Z-Score
The z-score parameter measures how many standard deviations a boat’s finish position in any race is from the mean (average) of the collection of all its finishes prior to that race. The z-score, z, is calculated by the equation:
z = (x – x̄) / σ
where:
- x is the boat’s finish position,
- x̄ is the average of the boat’s prior finishes,
- σ is the standard deviation of the boat’s prior finishes.
Because this scoring method needs a couple races to seed the standard deviation and mean value calculations, the z-scoring starts with the third race.
The raw z-scores are stacked against each other in each race and the boats are then ranked from best to worst z-score in each race. The rankings are totaled to give a series overall, but really the z-score approach is most useful at the individual race level.
Boat Rankings
This approach uses an eigenvalue solution to determine each boat’s score for the season. The standard eigenvalue problem is expressed as:
[Mp] {s} = c {s}
where:
- [Mp] is a square matrix with the probabilities of beating each other boat in the series by looking at head-to-head comparisons in each of the races in the series to date
- {s} is the column vector of boat scores (the eigenvector)
- c is a constant (the eigenvalue).
We start by creating a matrix, [M], which compiles the boat-vs-boat wins and is determined solely from the race finishes. Then, the matrix [Mp] is calculated based the probability that a boat beats the other boat by dividing each value in [M] by the number of head-to-head races between the two boats; this normalizes the matrix so that boats that sail more often do not get better scores just for sailing more often.
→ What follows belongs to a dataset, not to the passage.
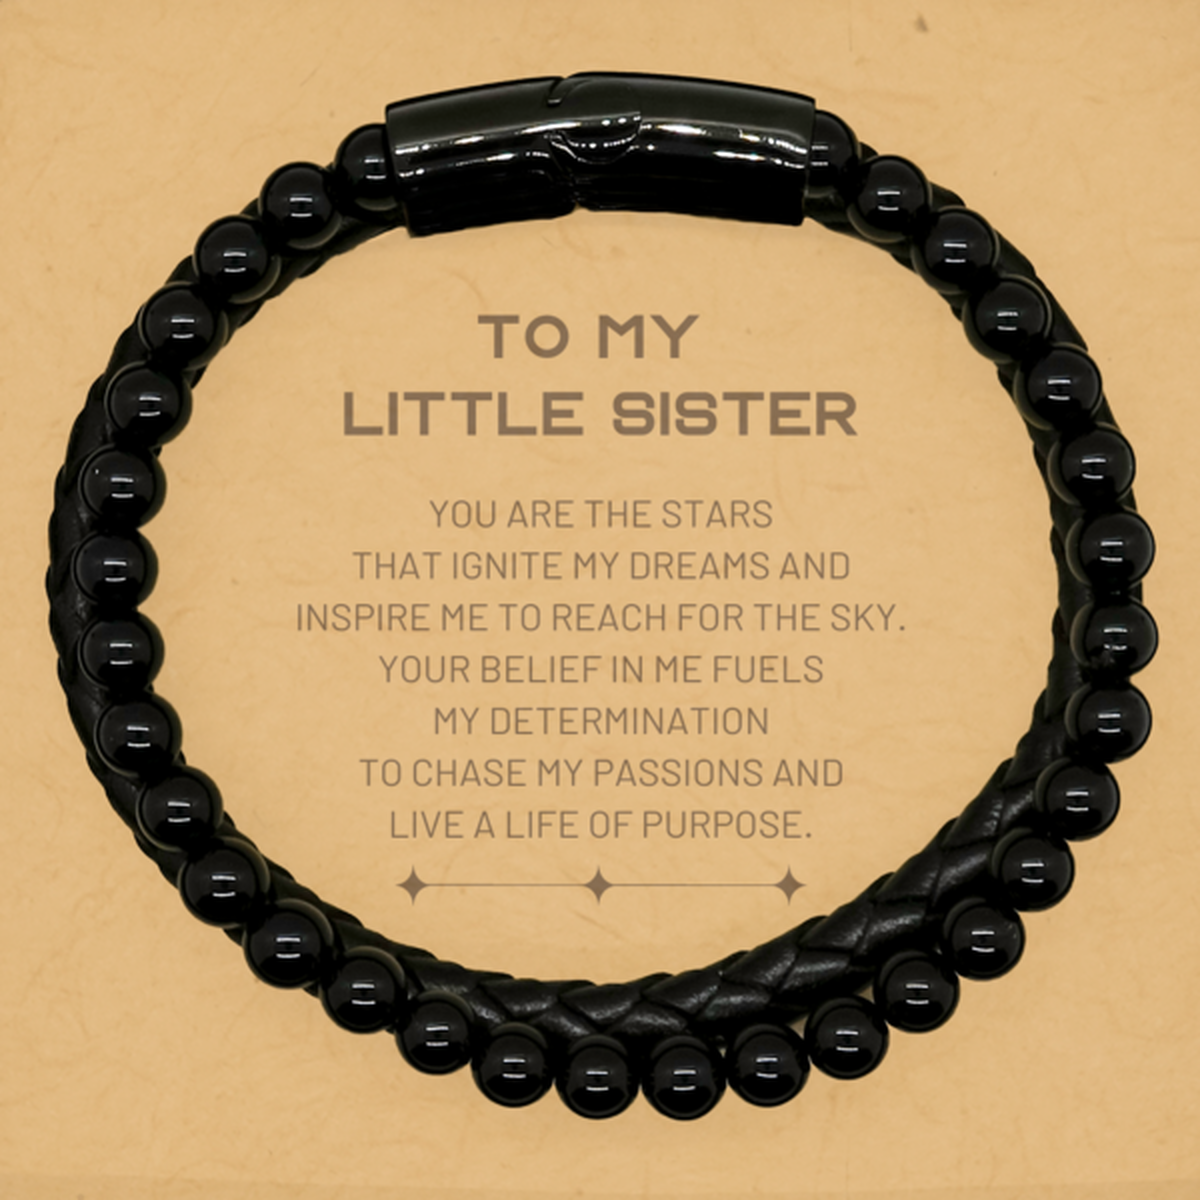 To My Little Sister Stone Leather Bracelets, You are the stars that ignite my dreams and inspire me to reach for the sky, Birthday Unique Gifts For Little Sister, Thank You Gifts For Little Sister

{s} is the vector containing each and every boat’s score; think of this vector as containing the numerical scores measuring each boat’s relative skill level. In the mathematics, when a boat beats a better boat, it collects more points towards its score than if it beats a less skilled boat. The score vector, {s}, falls out from performing the matrix arithmetic. Arguably, this method determines the most skilled boats without regard for the number of races that are sailed (i.e., no penalty for DNCs).
Solving this eigenvalue problem for the scores, and re-sorting the boats by their score, results in the following scores and relative rankings for the 2019 season. Also, the right-hand column prints each boat’s score relative to the top boat’s score.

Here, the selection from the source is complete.